In July 1944, the author was transported to Welicka and in September was sent on a horrible transport to Mauthausen (p.4-6) which turned out to be worse than any of the dreadful places before. Doing incredibly heavy work in the quarry, rushed and beaten up constantly. Mass-murders. After three months, he was transported to the Hermann-Goring Works at the Camp of Linz of about two thousand men. Cruel ill-treatment. Public execution of three Russians who had tried to escape. Air-raid; a bomb killing 110 detainees at Block 13 (p.5). Starvation (p.6); frost; vermin. On 5 May 1945, the author was liberated by the Americans. The Spanish Legion. The Hermann-Goring-Lazarett (p.6).
Mrs Ehrenberg lived with her first husband, an engineer holding a French diploma, Schlama Goldstein, and their little daughter (born 1938) in comfortable circumstances at Lodz, Poland (p.1, 10, 11, 13). Together with innumerable others, they fled from the approaching Germans in September 1933. The situation on the main road proved to be chaotic; she went back to Lodz through burning villages, under the fire of German planes shooting recklessly down at the fleeing people (p.1). Terror at Rawa-Mazowiezka; hostages (p.2); a pastor (Volksdeutscher) ordered the murdering to be stopped. After the occupation of Warsaw, the author's husband and brother returned to Lodz, too, but as the oppression was getting worse, fled to Bialystok (p.3-9), a Polish town, belonging to Russia at the time. When, in February 1940, the author's family had to move into the Ghetto Lodz she pretended to be a Polish Aryan and tried to join her husband with her little child (who soon died there) at Bialystok, occupied by the German troops since June 1941. Although she enjoyed the help of several people, the dangers of her illegal life finally proved too much for her nerves, and she went to live in the Ghetto, in August 1943. Dreams coming true (p.5-6, 9-10, 12).
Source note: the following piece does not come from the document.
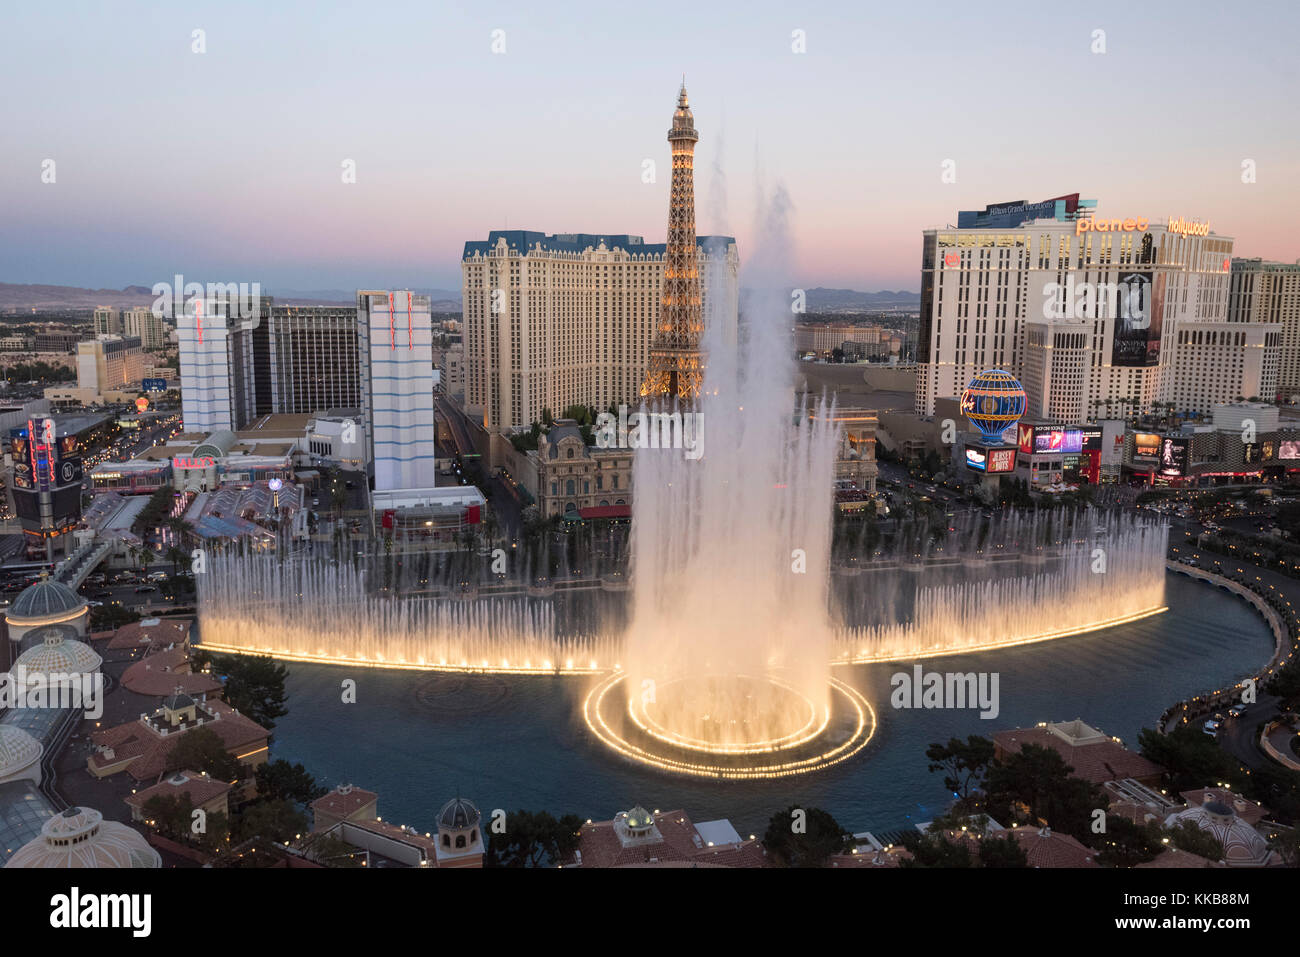 View of Bellagio fountains and part of the Strip at dusk, Las Vegas, Nevada, USA Stock Photo

In view of the pending liquidation, her husband insisted that she left the Ghetto, and she used her Aryan document to get released; as she was leaving, the SS-officer who was guilty of the murder and [illegible]JÄ misery of innumerable human beings, gave her a kitten to save its life (p.6).
She then made several - interesting - attempts to rescue her husband (p.7), but could not save him from the worst. At last she was denounced by an informer, Czeslaw Bielilo (p.7, 13) and imprisoned at Bialystok, as, since November 1943, Jews who had escaped from the Ghetto were no longer shot dead on the spot, where they were discovered, but had to be taken to an annihilation camp.
Horrible transport to KZ Stutthof near Danzig. Selected and sent to Auschwitz (p.9-11). There she was an eye-witness of all kind of horrors and atrocities. With the aid of a Polish detainee, she would succeed to hide and rescue Jewish girls from the selections (p.11).
In October 1944, transfer to Bergen-Belsen (p.12-13). Typhoid. She would see Irma Gresse repeatedly but never saw her ill-treating a detainee (p.12). Liberation, on 15 April 1945. Visit to Lodz; of her large family only one aunt had survived.
At Konstanz, Bodensee (p.13), she made the acquaintance of Mr Hajim Ehrenberg, a survivor of Treblinka, whose wife and children had perished. She got married to him, in December 1946, and with the help of the Joint, they emigrated to Melbourne, Australia, in 1949, where they are both working successfully, after a son was born to them, in 1950. (p.13,14).